▶ _PROBLEM DESCRIPTION_
Reproduce the listing exactly, with no pictures in your copy.

▶ _RAW DATA_

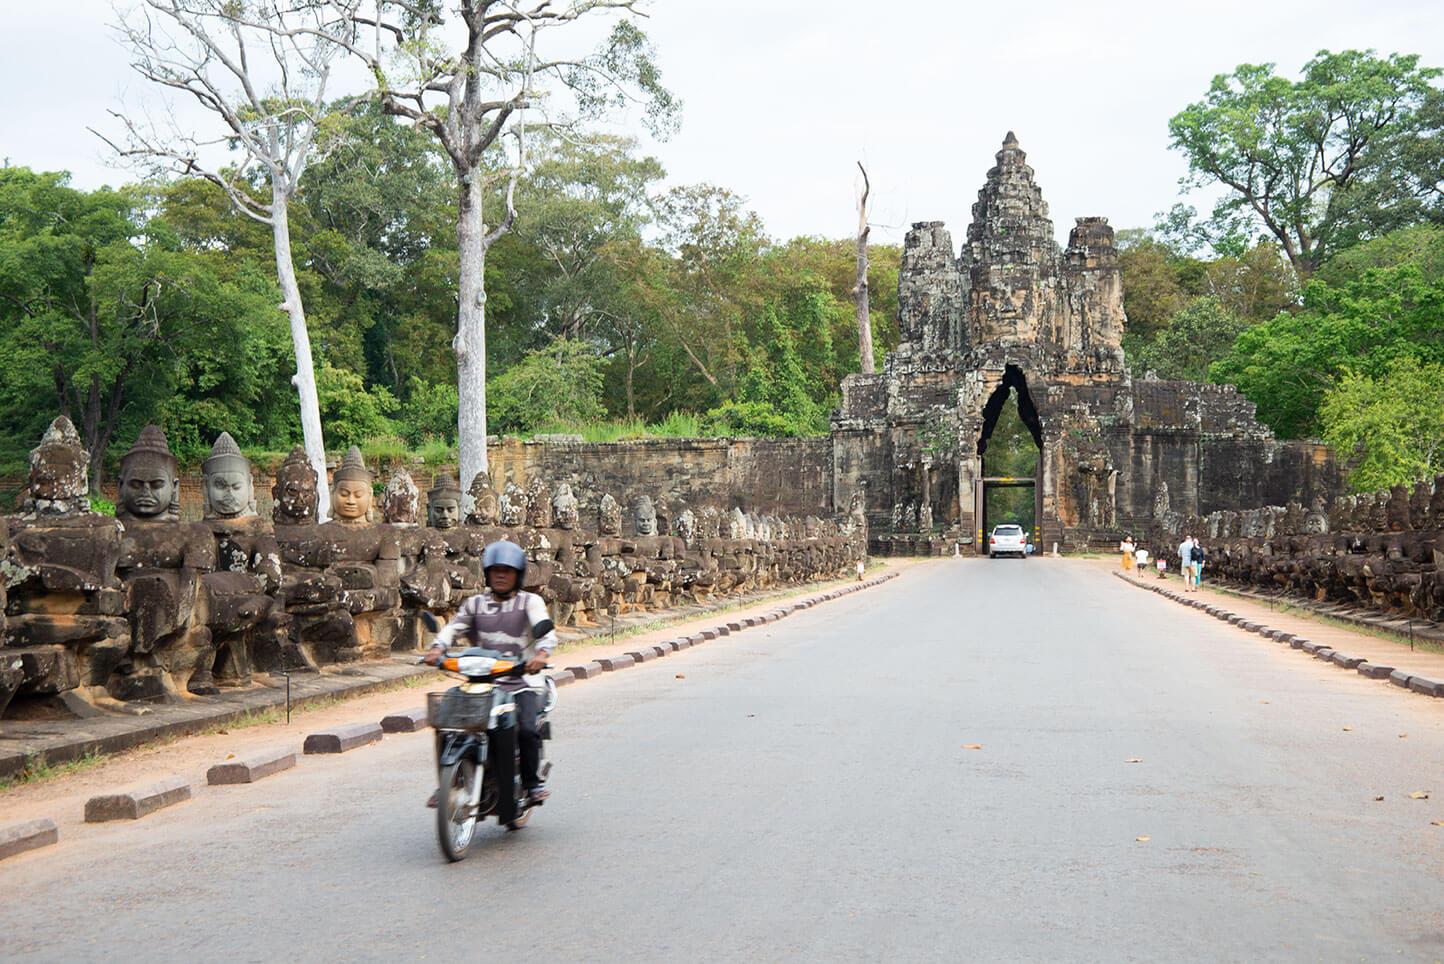 Vom Wald in die Welt: Reisefotos von Angkor Wat in Kambodscha
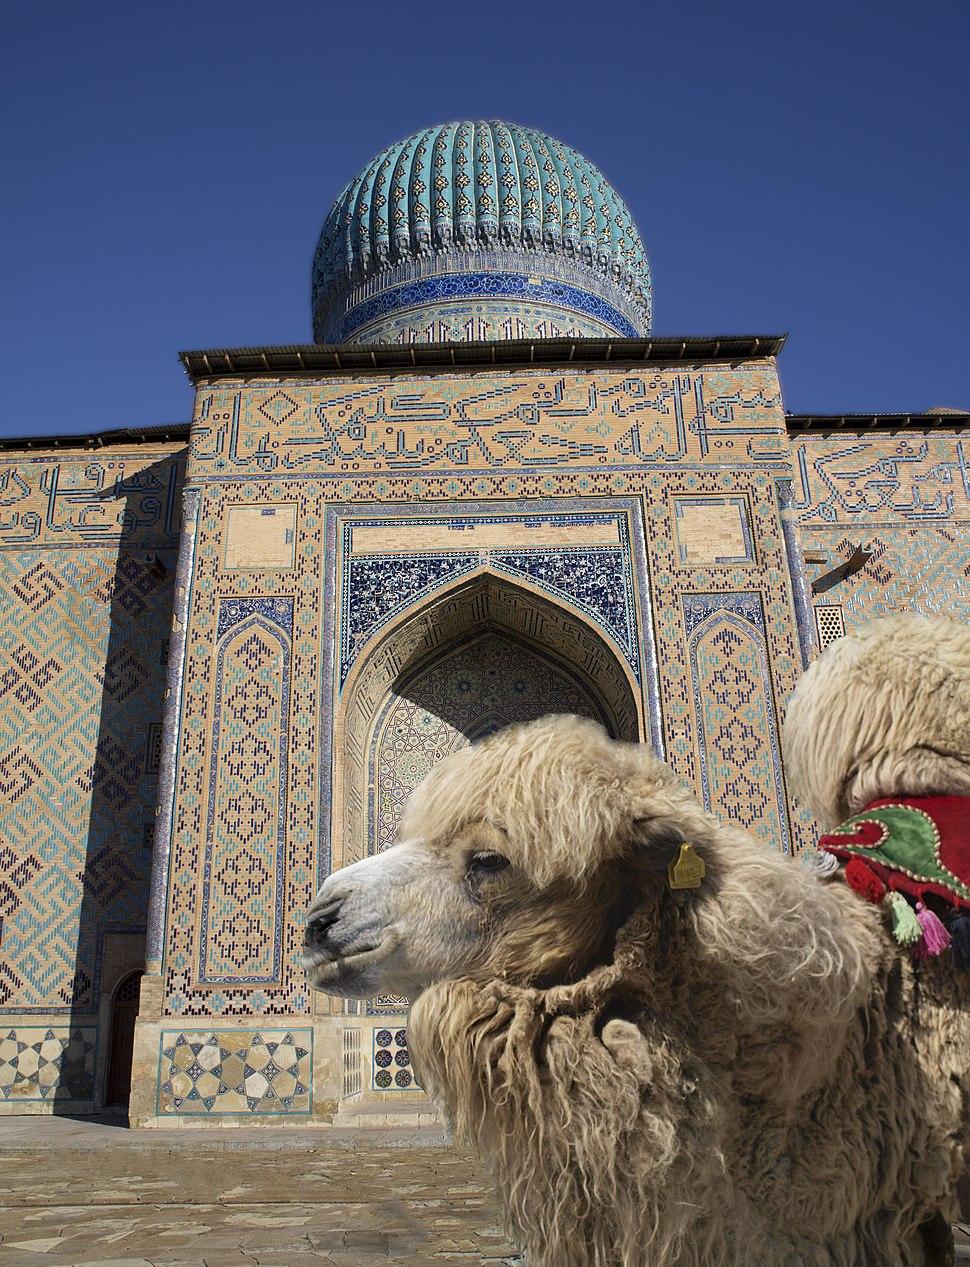 Bactrian camel in Kazakhstan
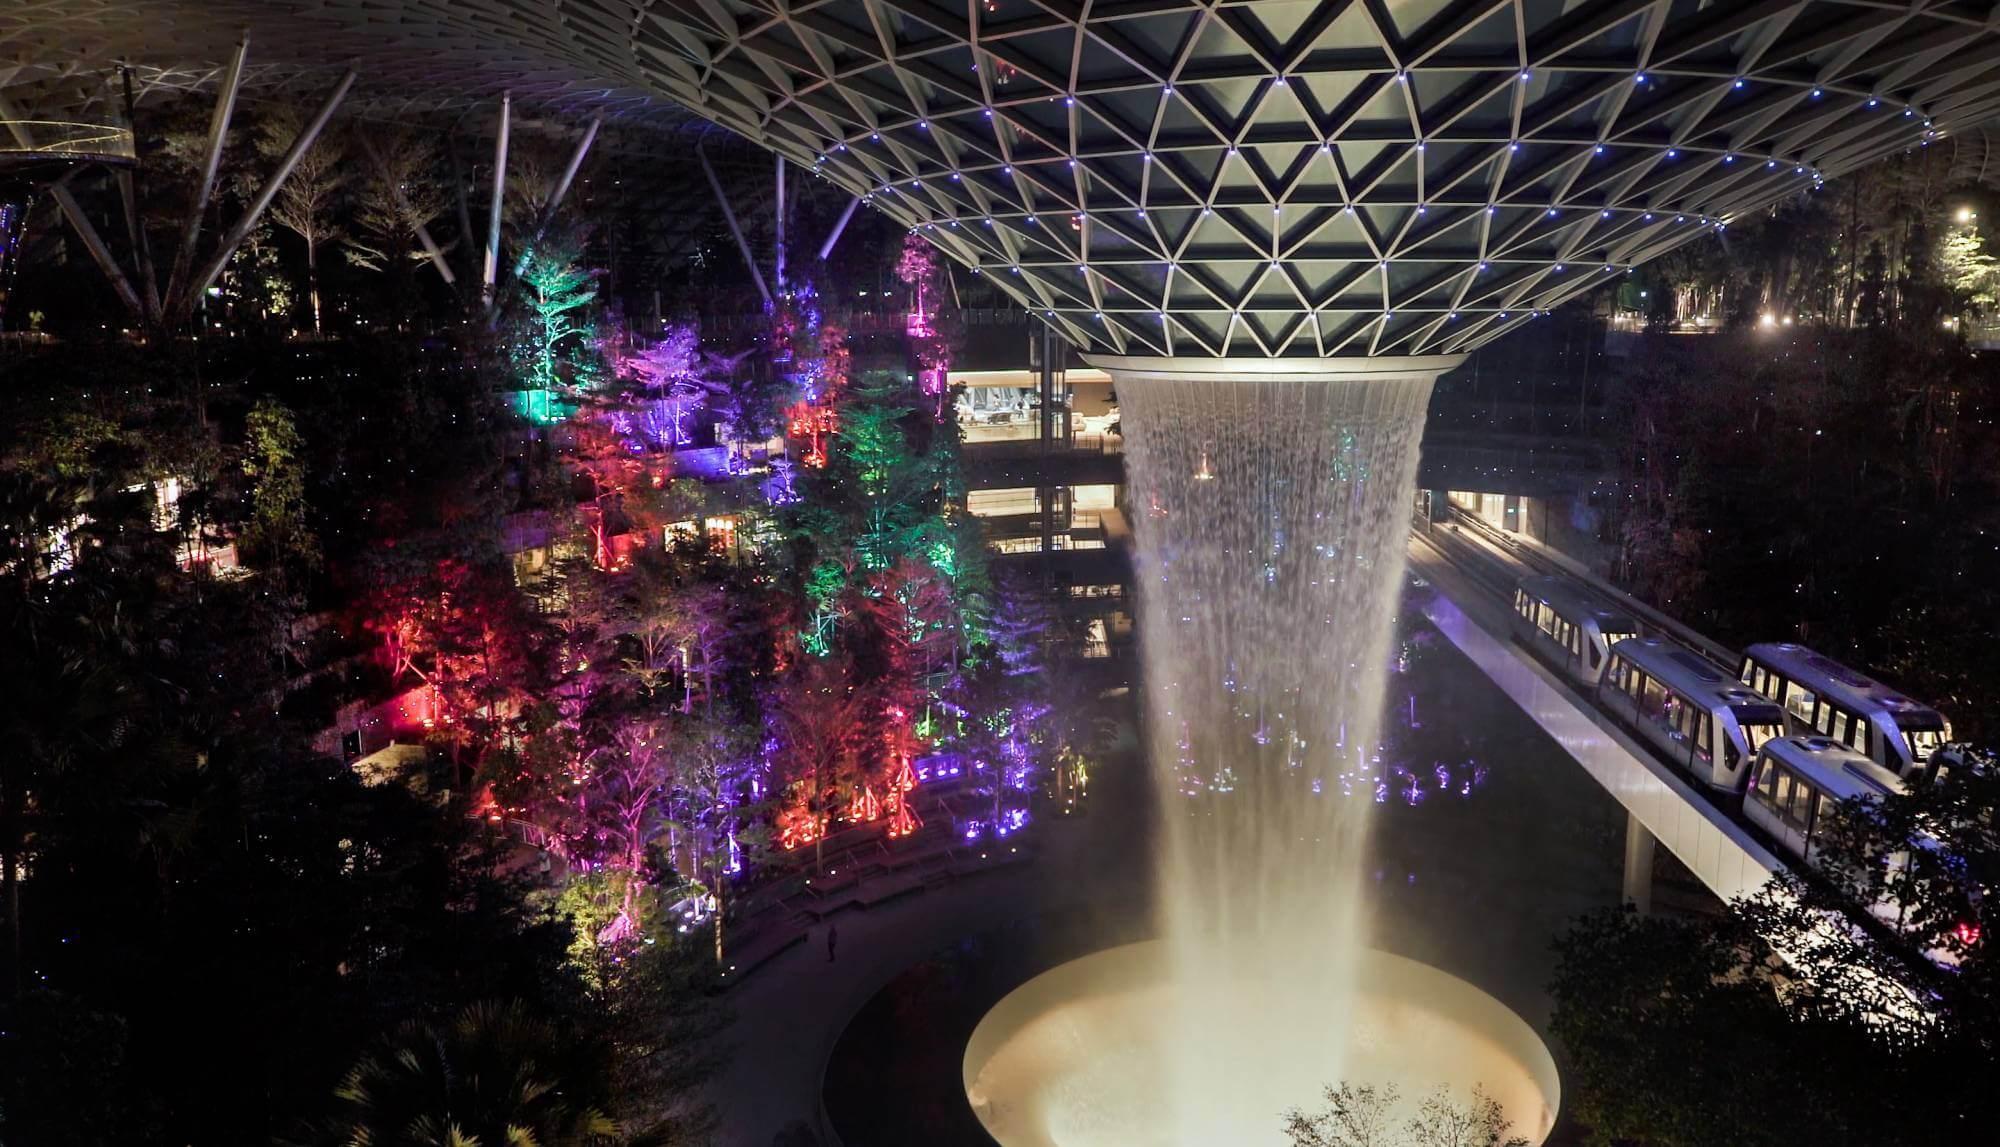 Instalación en el aeropuerto Changi en Singapore

▶ _SOLUTION FOR THIS PROBLEM_
 Vom Wald in die Welt: Reisefotos von Angkor Wat in Kambodscha
 Bactrian camel in Kazakhstan
 Instalación en el aeropuerto Changi en Singapore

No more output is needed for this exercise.